Implications of the rise of data virtualization
Many believe that the rise of data virtualization could diminish the importance of ETL processes significantly. Data from certain industries substantiate such views. For example, Novartis, The Phone House and Pfizer have already turned to data virtualization. Companies that deal in huge data volumes and have legacy data sources are especially investing on data virtualization. Data virtualization offers clear advantages when it comes to offering unified, real-time views of data. Companies need agile, quick fulfillment of data integration of data requests which is extremely difficult with ETL.
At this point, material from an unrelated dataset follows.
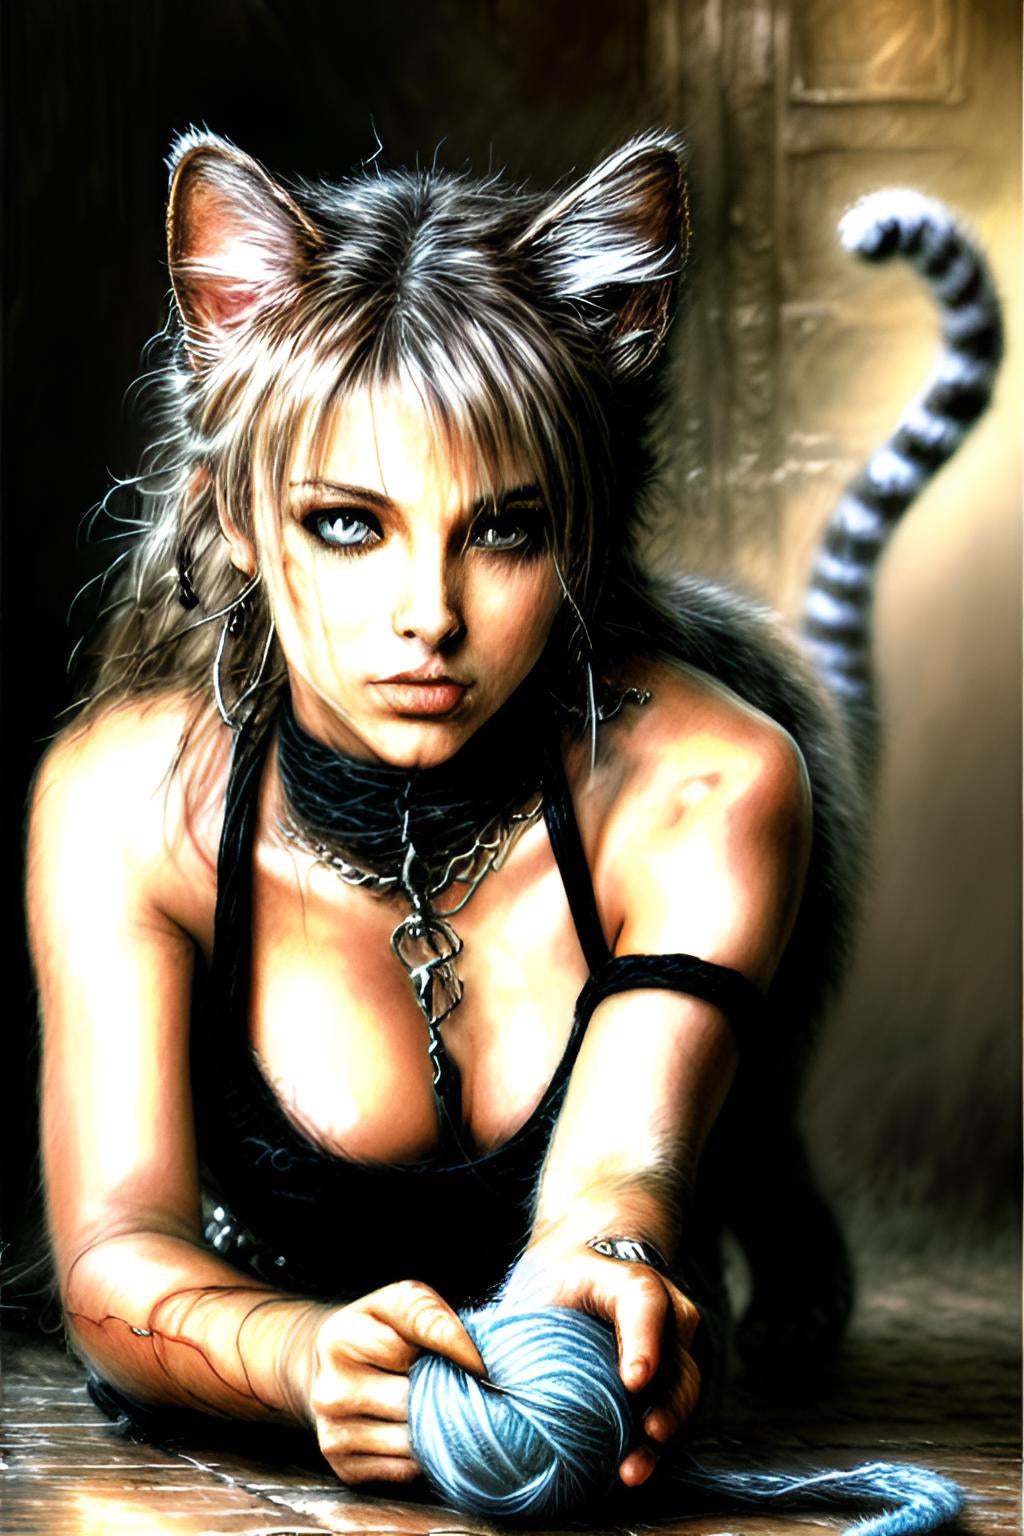 Niko catwoman tail cat eyes

However, there is another group of people who believe that it is not all gloom and doom for ETL. According to Mark Beyer, research vice president for information management at Gartner Inc., The EDW is not going away — in fact, the enterprise data warehouse itself was always a vision and never a fact, now the vision of the EDW is evolving to include all the information assets in the organization. It’s changing from a repository strategy into an information services platform strategy.”
It is undeniable that data virtualization is on the rise and the glory of ETL is fading, even if slightly. However, there are still a number of hurdles on the way of seamless adoption of the data virtualization platform. IT departments are finding it technically difficult to create maps of data from the data sources and placing them on the middleware. Also, from a technical viewpoint, creating unified and customized views from several different data sources for different customers is an extremely challenging task. Such challenges need to be acknowledged and proper planning needs to be done.